По утрам ты читаешь Проппа,
пишешь письма из Турции в Запорожье,
ты у немцев – овечка божья,
у французов – курочка. Индрагопа -
у индусов. Подымаешься вверх по пальцу,
распускаешься, как цветок-укол,
и летишь, семиточечница, скиталица -
семидневка. Не обсохнет облачко-молоко
на устах у неба. Но кто ж ты есть?
Все начала в тебе и концы, да, роднуля?
Хлеба белого, не горелого даждь нам днесь,
а нет – и не надо, лети, женщина, аллилуйя!
"Чем более человек самостоятелен…"
Чем более человек самостоятелен,
тем более одинок;
чем более одинок,
тем менее самостоятелен.
Важно, кто говорит. Одно дело – Франц,
например, Йозеф. Другое – Кафка.
Неоконченный травелог Создателя:
мир, состоящий из двух-трех фраз
и бесконечной правки.
В жизнь лицом – как в цветы полевые
помолчи.
Пусть молчанье тебя передаст
в ничего не случилось.
Только взгляд отведённый уже не унять.
Как подросток – врасплох, впервые,
обнаженною видит мать.
"Смотри, вон птичка…"
Смотри, вон птичка
перепорхнула. Ад
никуда не девается.
Ни от сближенья
далековатых понятий,
ни от их разобщенья.
Где твой брат,
Авель? См. в личке.
Кафку смущали метафоры.
Переставлять кровати
под землей.
Как эпитафия
перепорхнул козодой.
Любовь, говорит, движет.
Любовь к ближнему.
Страшная, как освенцим.
Давай, говорит, помогу
донести до дому ношу твою,
говорит мальчик-ум
бабушке-сердцу.
Птичка веточку, как чеку,
в клюве держит.
Сжат
ее кулачок нежный.
Адское пенье.
у райских врат.
Даже если и вытесняется,
ничего не меняется
от перемены мест.
Ни покаяния, ни искупленья.
Крест как крест.
"Не волнуйся. Полребенка, войны немного…"
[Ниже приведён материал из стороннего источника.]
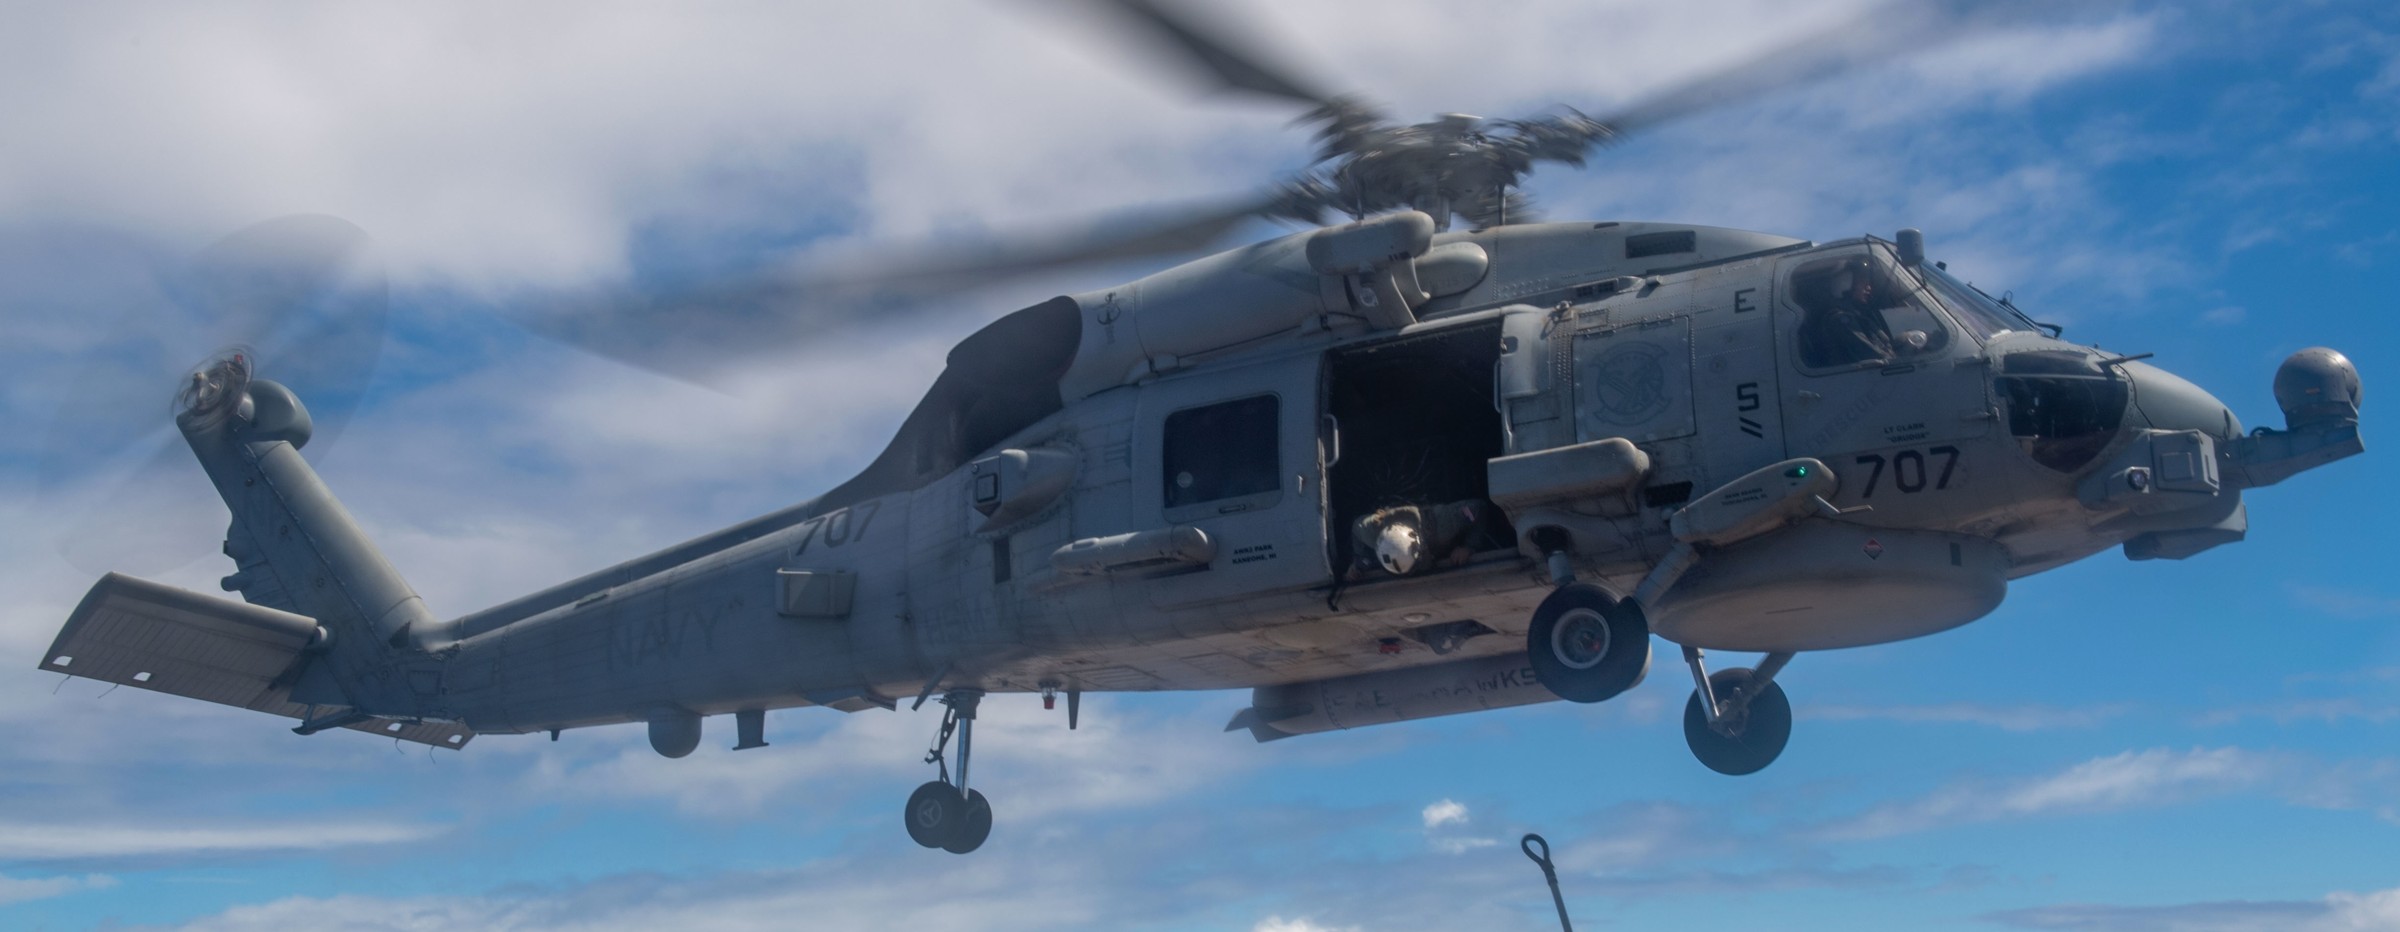 hsm-77 saberhawks helicopter maritime strike squadron mh-60r seahawk cg-54 uss antietam 49

Не волнуйся. Полребенка, войны немного
закопал он, еще вернется – ни наш, ни ваш.
Геноцид памяти, а как по-другому? Иначе
земля не шевелится. Встань на свою треногу
и иди. Иль в окошко любуйся: русский пейзаж
на закате в шинельке сидит, как Башмачкин.Что тебе до причин? Почему в темноте рябиной
догорала она в человечьей коже, почему в огне
ты был с нею, как первый снег? Падал, что ли?
Птицы всё подберут. Здесь лишь камни невинны.
И не будет ни слова, ни чуда. И тело с душою,
как Иосиф с Марией, спят спиною к спине.
"Ах как на солнце смерть играет…"
Ах как на солнце смерть играет
и натирается о жизнь -
как пес о падаль.И где-то с краю
ложатся годы.И осень темная стоит
сквозным окладом
без иконы.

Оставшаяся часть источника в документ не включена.